Когда я говорю о совместном изучении языка и природы посредством остенсии, в частности когда я говорю о приобретении умения объединять в группы объекты восприятия по их сходству, не отвечая при этом на вопрос: «Сходству в каком отношении?» – я не имею в виду мистический процесс, называемый «интуицией» или как-либо еще. Напротив, подразумеваемый мною процесс можно смоделировать на компьютере и благодаря этому сравнить с более известными способами обучения, использующими критерии, а не отношения сходства.
В настоящее время я нахожусь на начальной стадии такого сравнения, надеясь, помимо прочего, раскрыть обстоятельства, при которых каждая из этих двух
Я убежден, мы слишком долго игнорировали способ, посредством которого знание о природе может неявно воплощаться в жизненном опыте без вмешательства абстрактных критериев или обобщений. Этот опыт передается нам во время обучения и приобщения к профессиональной деятельности предшествующим поколением, которому уже известно, о чем говорит этот опыт. Усваивая достаточное количество образцовых примеров, мы учимся ориентироваться и работать в мире, который наши учителя уже знают.
Это убеждение я связывал прежде всего с нормальной наукой и с ее изменениями в процессе революций, однако выскажу дополнительное замечание. Осознание когнитивной функции образцовых примеров может устранить пятно иррациональности, лежащее на моих прежних высказываниях относительно решений, которые я характеризовал как опирающиеся на идеологию. Если даны примеры успешной работы научной теории и есть общие ценности, поддерживающие деятельность науки, то не нужны особые критерии, чтобы обнаружить, что процесс идет не туда, или сделать выбор в случае конфликта. Напротив, хотя у меня еще нет убедительных подтверждений, я убежден, что одно из различий между моими программами сходств и критериев выразится в особой эффективности, с которой первая работает в ситуациях подобного рода.
Опираясь на эти соображения, я возвращаюсь наконец к проблеме выбора теории и к помощи, которую при этом может оказать перевод. Одной из основ, от которых зависит практика нормальной науки, является усвоенная способность объединять предметы и ситуации в классы сходства. Эти классы являются исходными элементами в том смысле, что объединение осуществляется без предварительного ответа на вопрос: «Сходны в отношении чего?» Тогда одна из сторон всякой революции выражается в том, что некоторые отношения сходства изменяются.
Объекты, которые до революции объединялись в одно множество, после революции могут попасть в разные множества, и наоборот. Представьте Солнце, Луну, Марс и Землю до и после Коперника; свободное падение, маятник и планетарное движение до и после Галилея; или соли, сплавы и соединение серы с железом до и после Дальтона.
Поскольку большинство объектов даже после изменения множеств продолжает группироваться вместе, обозначения этих множеств чаще всего сохраняются.

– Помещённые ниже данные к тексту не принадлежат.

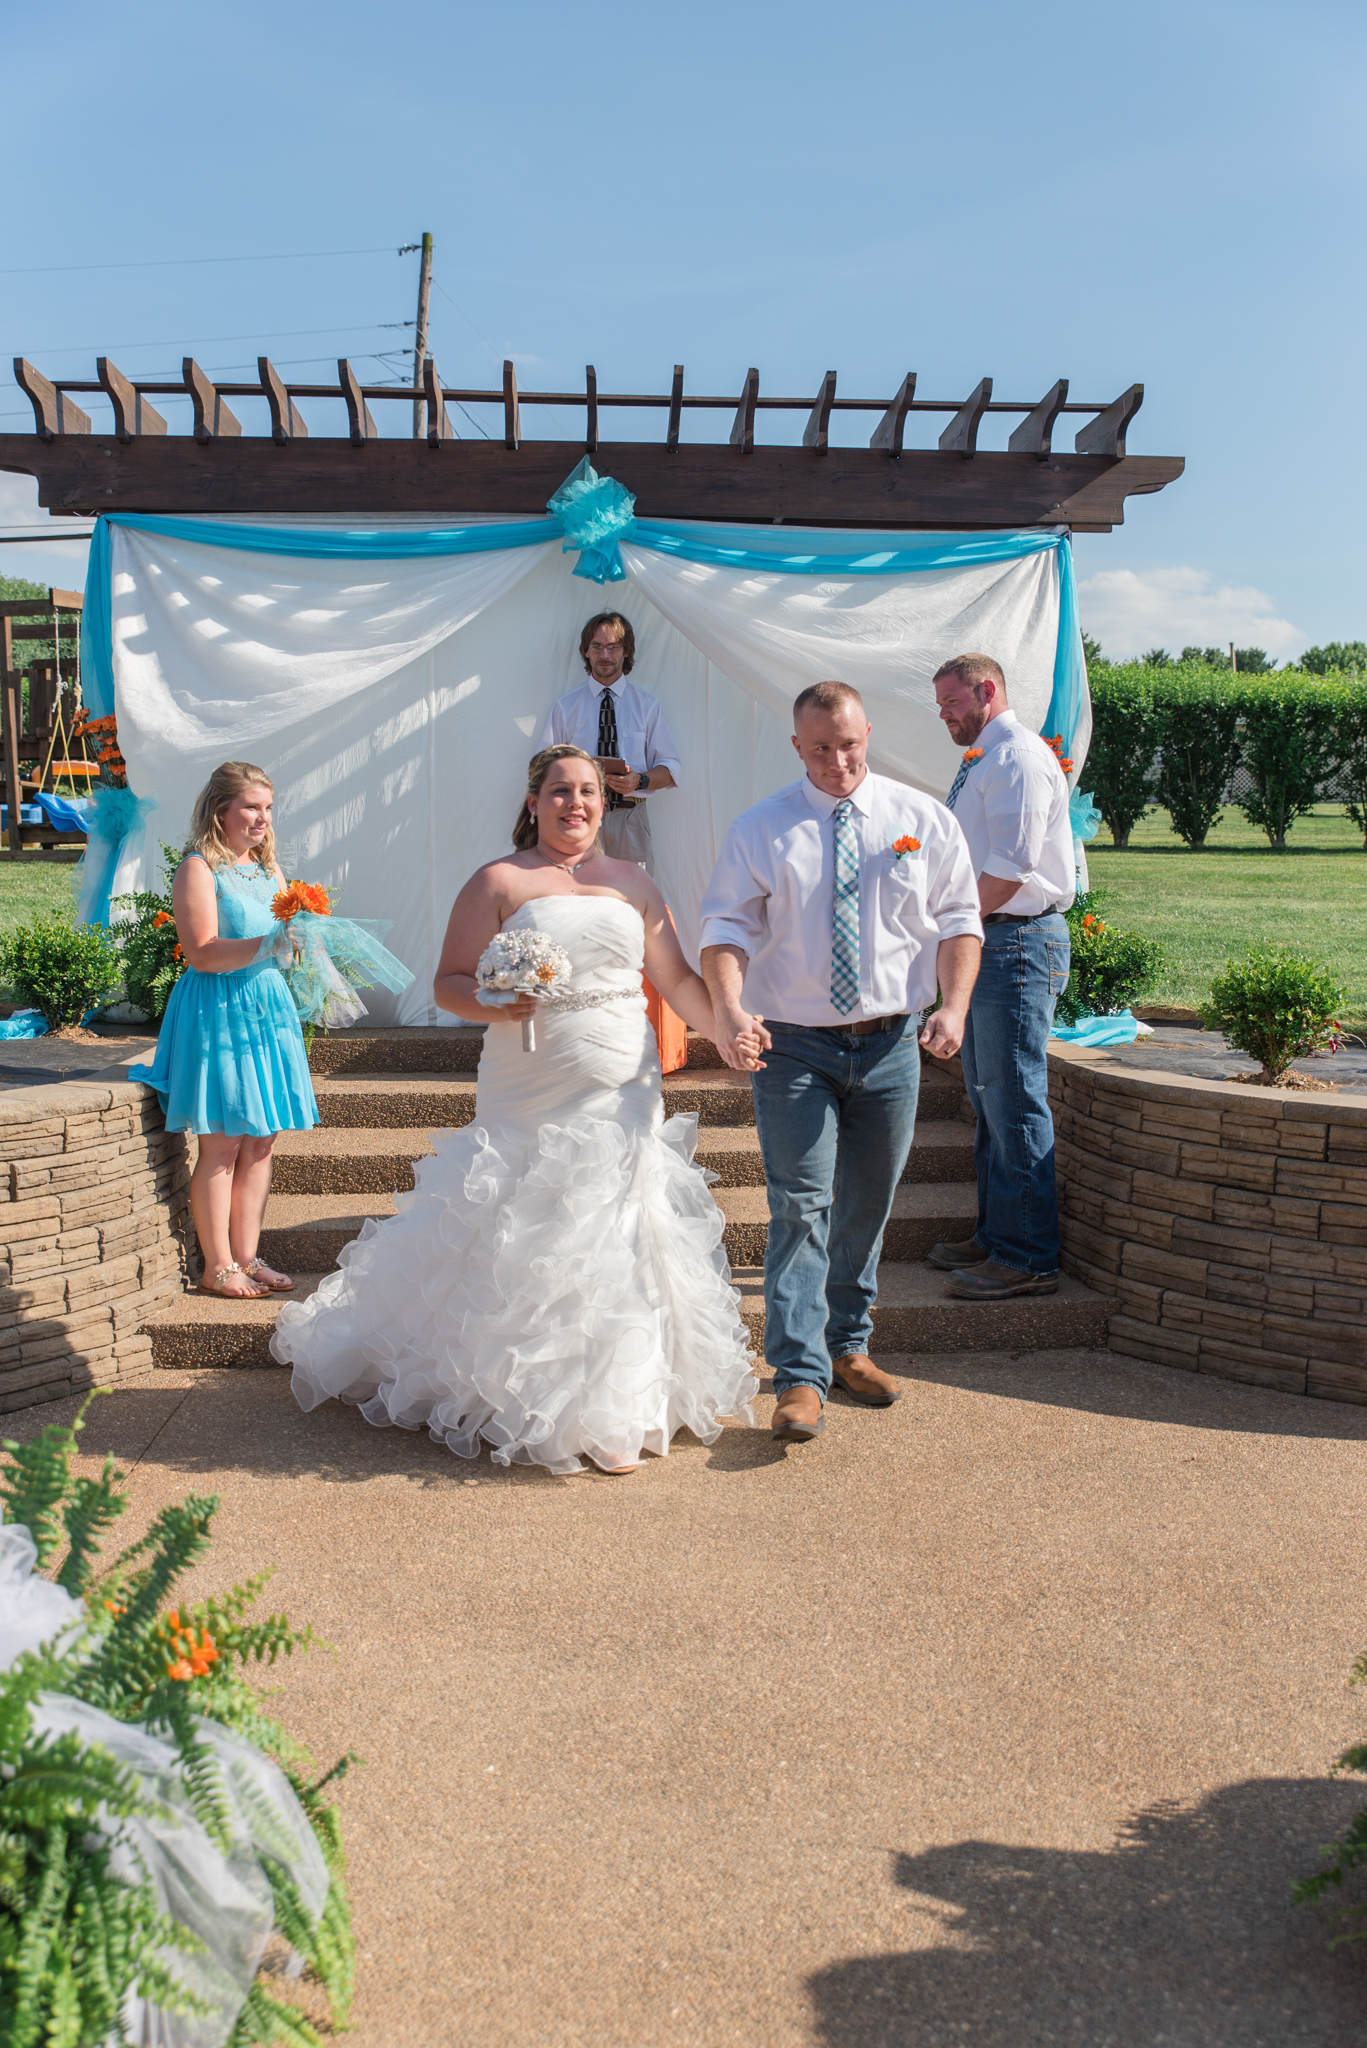 outdoor wedding, KY wedding, kentucky, Kentucky wedding, Kentucky wedding photos, KY bride

Тем не менее перенос некоторого подмножества в другое множество может решающим образом повлиять на сеть взаимоотношений между множествами. Перенос металлов из множества соединений в множество элементов был частью новой теории горения, окисления и разницы между физическими и химическими комбинациями. Когда появляются такие перераспределения объектов среди множеств, основанных на сходстве, два человека, которые общались между собой с полным взаимопониманием, внезапно могут обнаружить, что на одни и те же стимулы они реагируют посредством несовместимых описаний или обобщений. Поскольку ни один из них не может сказать: «Я употребляю слово «элемент» («смесь», «планета» или «свободное движение») согласно таким-то и таким критериям», очень трудно выделить и устранить источник нарушения коммуникации.